[Work task]: The data that follows must be transcribed in full and exactly, minus the pictures.

[Recorded information]:

-------

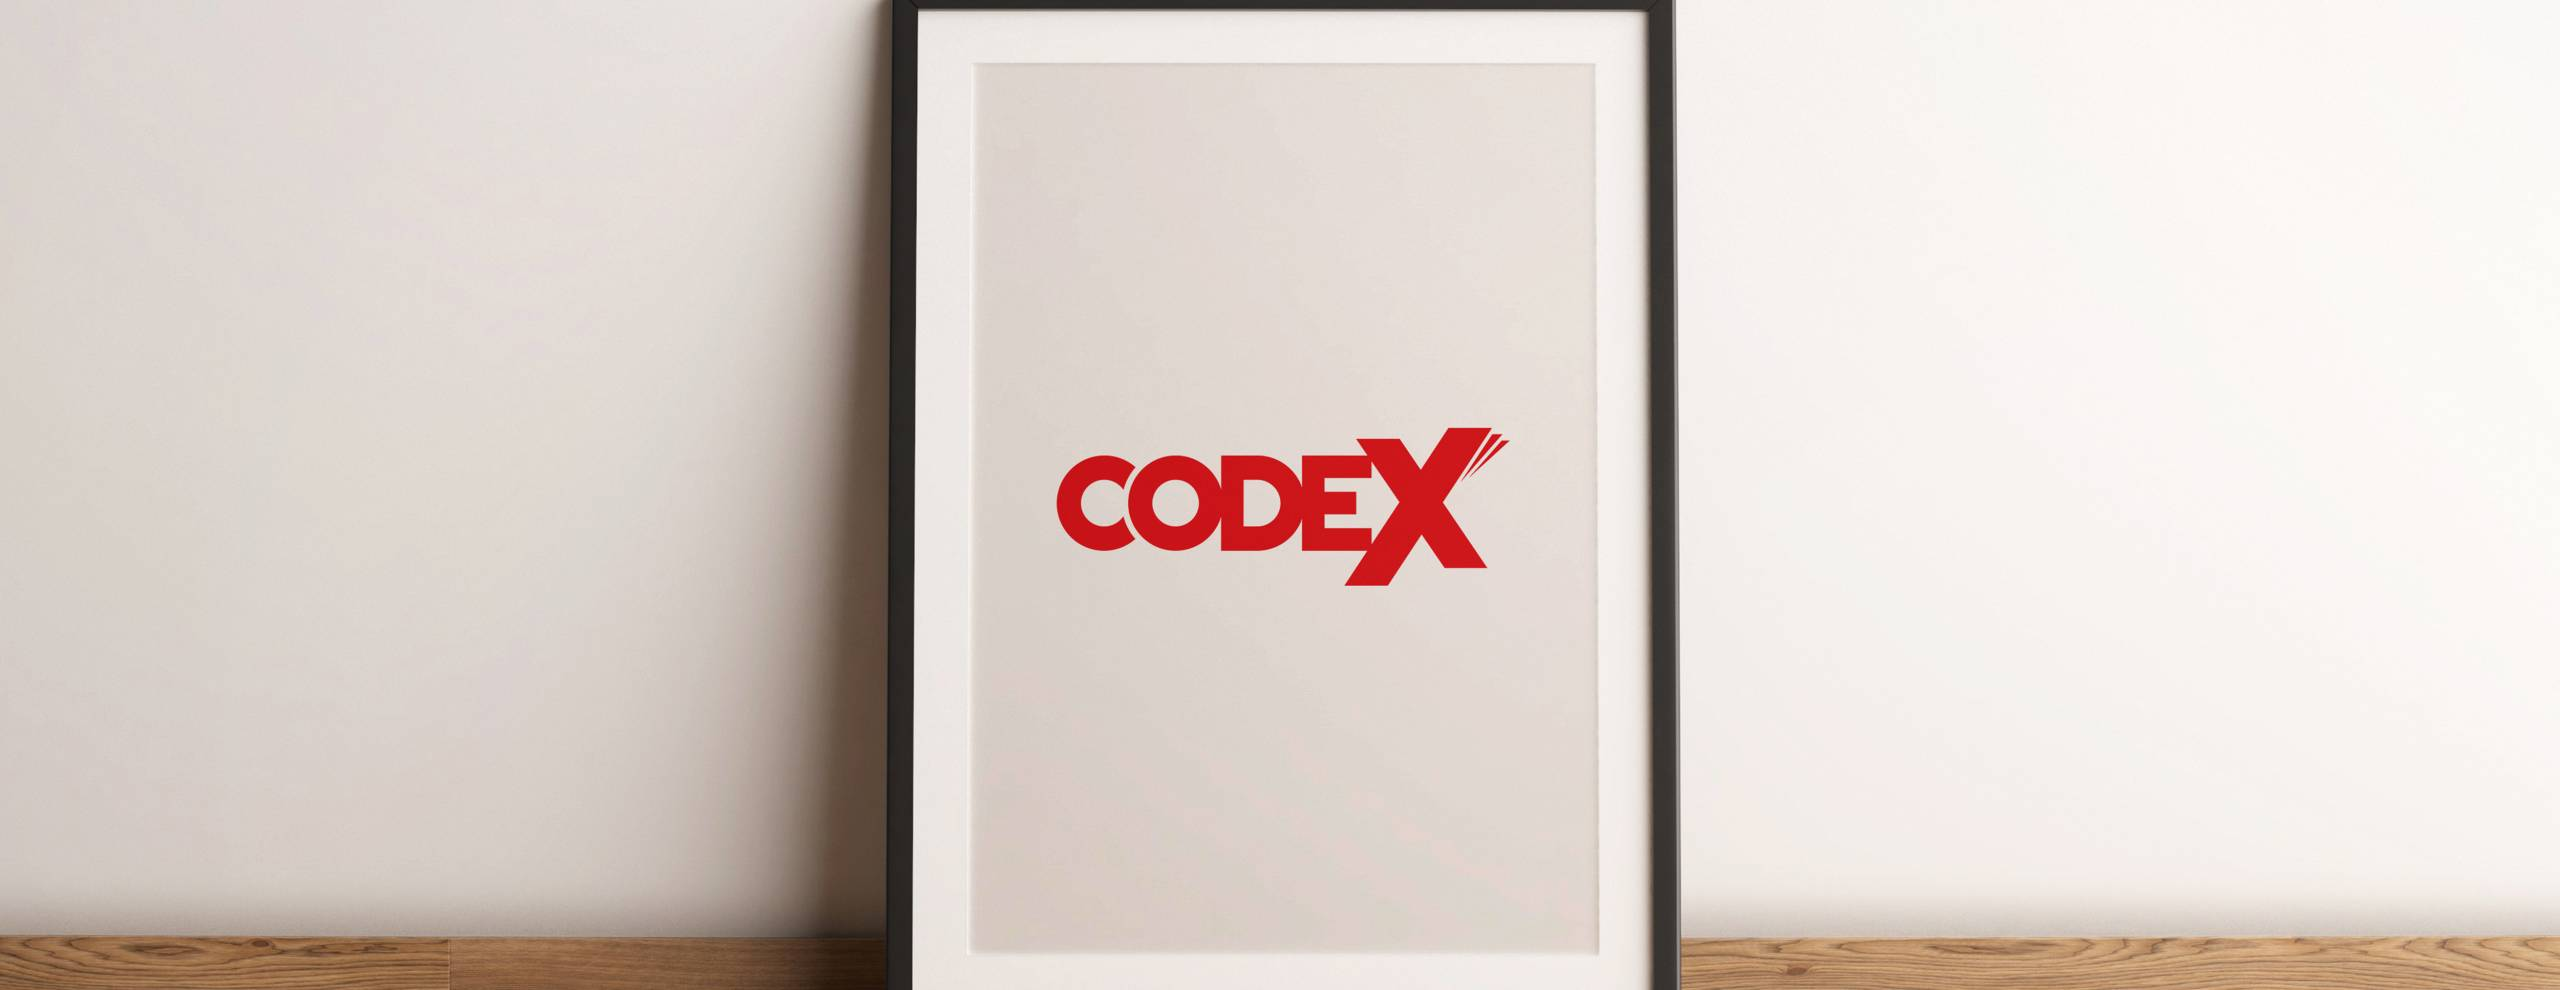 codex-8
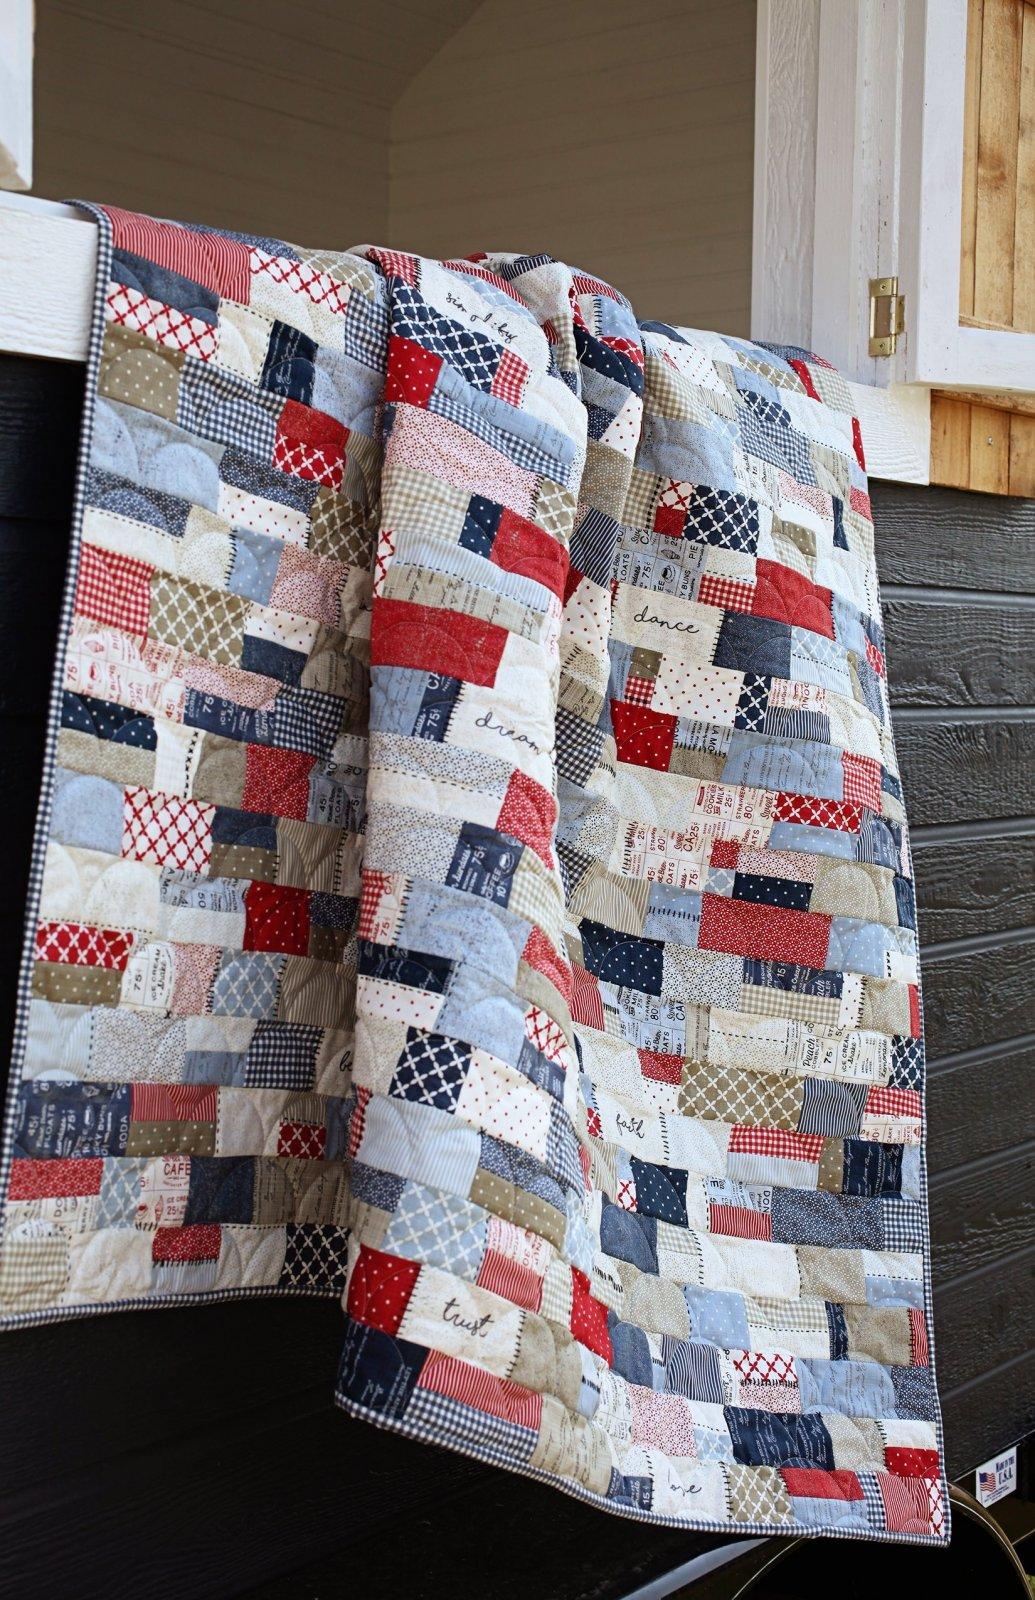 Cobblestone Pattern by Sweetwater
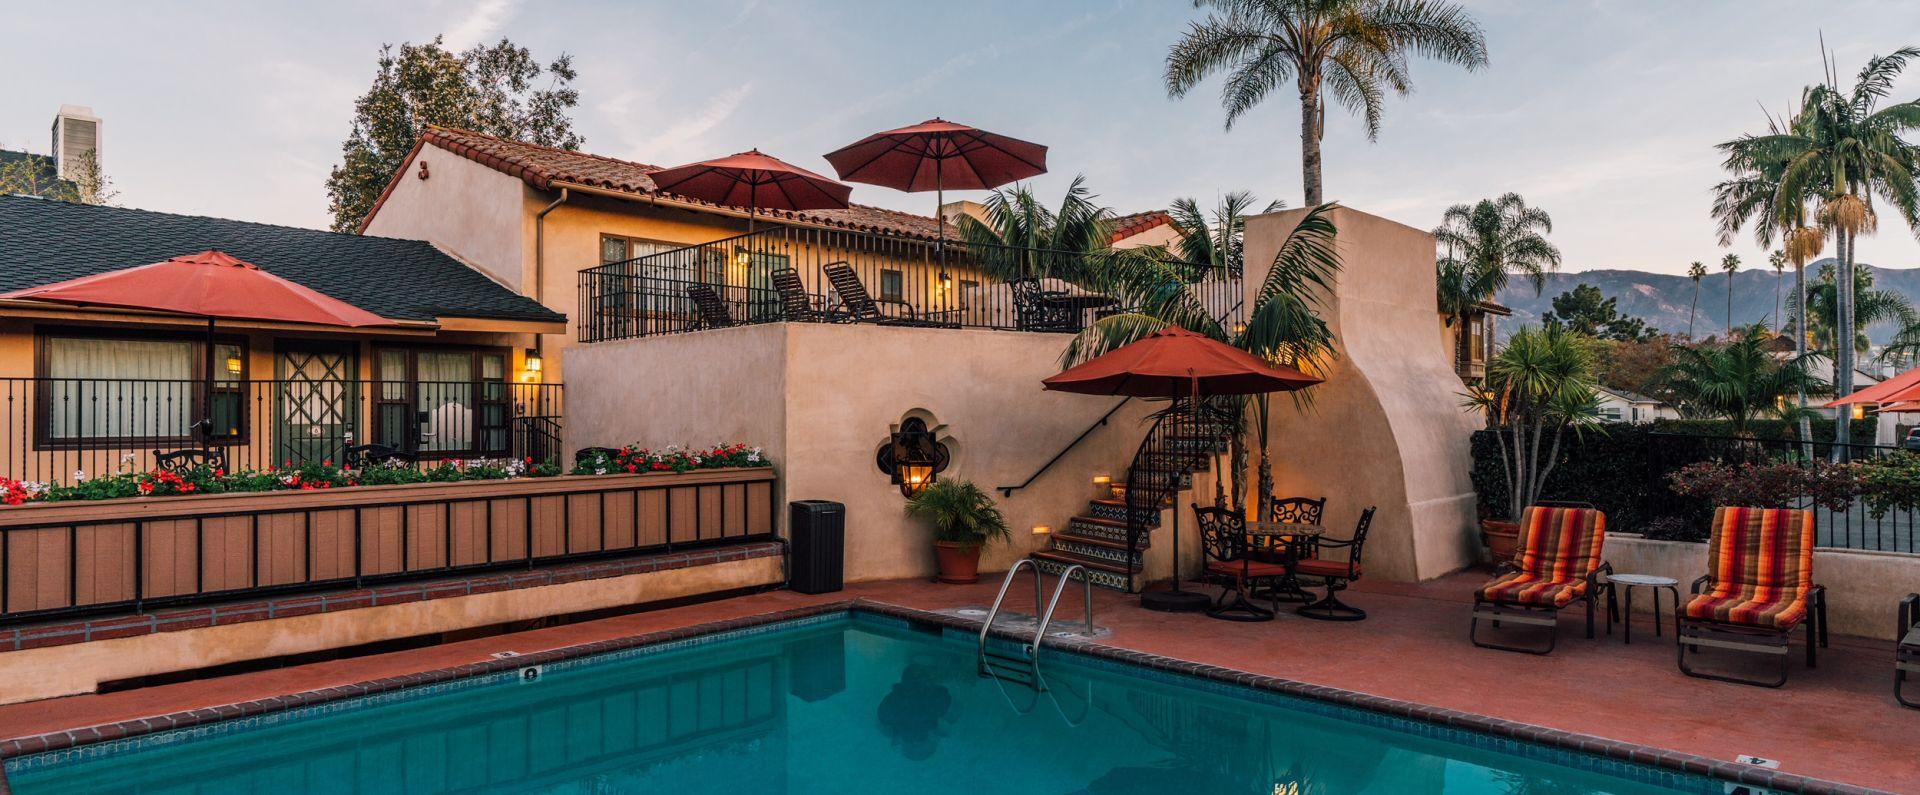 Santa Barbara Hotels >> Santa Barbara Beach Hotel Brisas Del Mar Inn At The Beach

-------

[Output for this exercise]:
 codex-8
 Cobblestone Pattern by Sweetwater
 Santa Barbara Hotels >> Santa Barbara Beach Hotel Brisas Del Mar Inn At The Beach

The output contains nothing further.